Dual eligibles are low-income Medicare beneficiaries who are also eligible for Medicaid. They are a vulnerable population because of their disproportionately high medical and long-term care needs. At any given time, nearly seven million individuals are considered dual eligibles, representing around one in six Medicare beneficiaries and one in seven Medicaid beneficiaries.
The House and Senate versions of a Medicare prescription drug bill treat the drug costs of dual-eligibles and other low-income Medicare beneficiaries quite differently. How do the bills address these low-income groups? What are the major differences in their approaches to providing prescription drug coverage for low-income Medicare beneficiaries? How do state governments view the two approaches?

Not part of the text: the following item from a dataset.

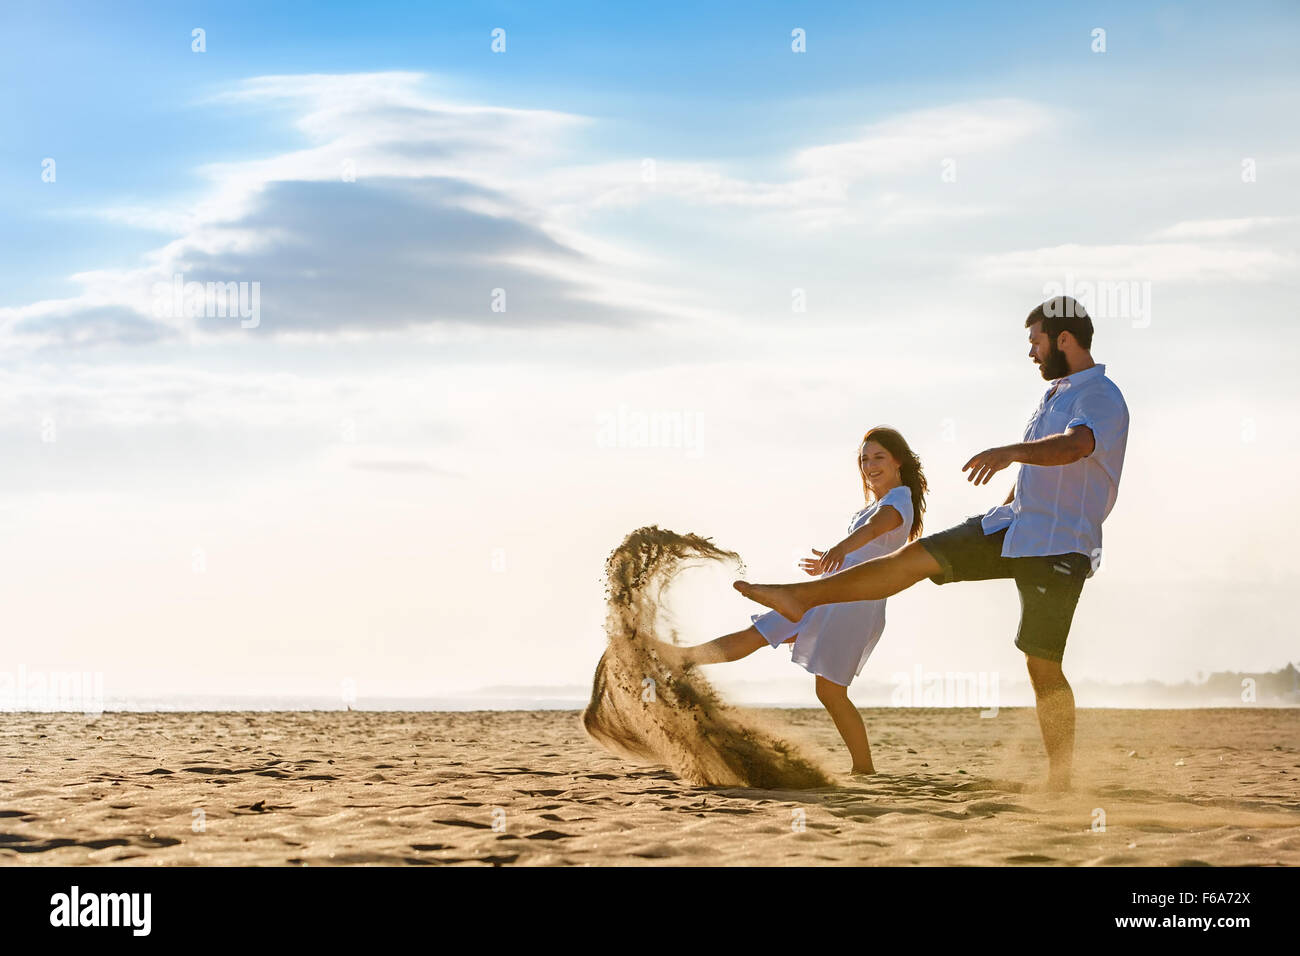 Glücklich Frischvermählten Familie Flitterwochen Urlaub - nur verheiratet liebevolle Frau und Mann mit Spaß am Meer Stockfoto

To help address these and related questions, the Alliance for Health Reform and The Kaiser Commission on Medicaid and the Uninsured sponsored September 5, 2003 briefing. Panelists were: Jocelyn Guyer of the Kaiser Commission; John McManus, staff director of the House Ways and Means Health Subcommittee; Linda Fishman, health policy director for the Senate Finance Committee; Amy Hall of the House Energy and Commerce Committee; and Marcia Morgan, secretary of the cabinet for health services for the State of Kentucky. Ed Howard of the Alliance and Diane Rowland of the Kaiser Commission moderated the discussion.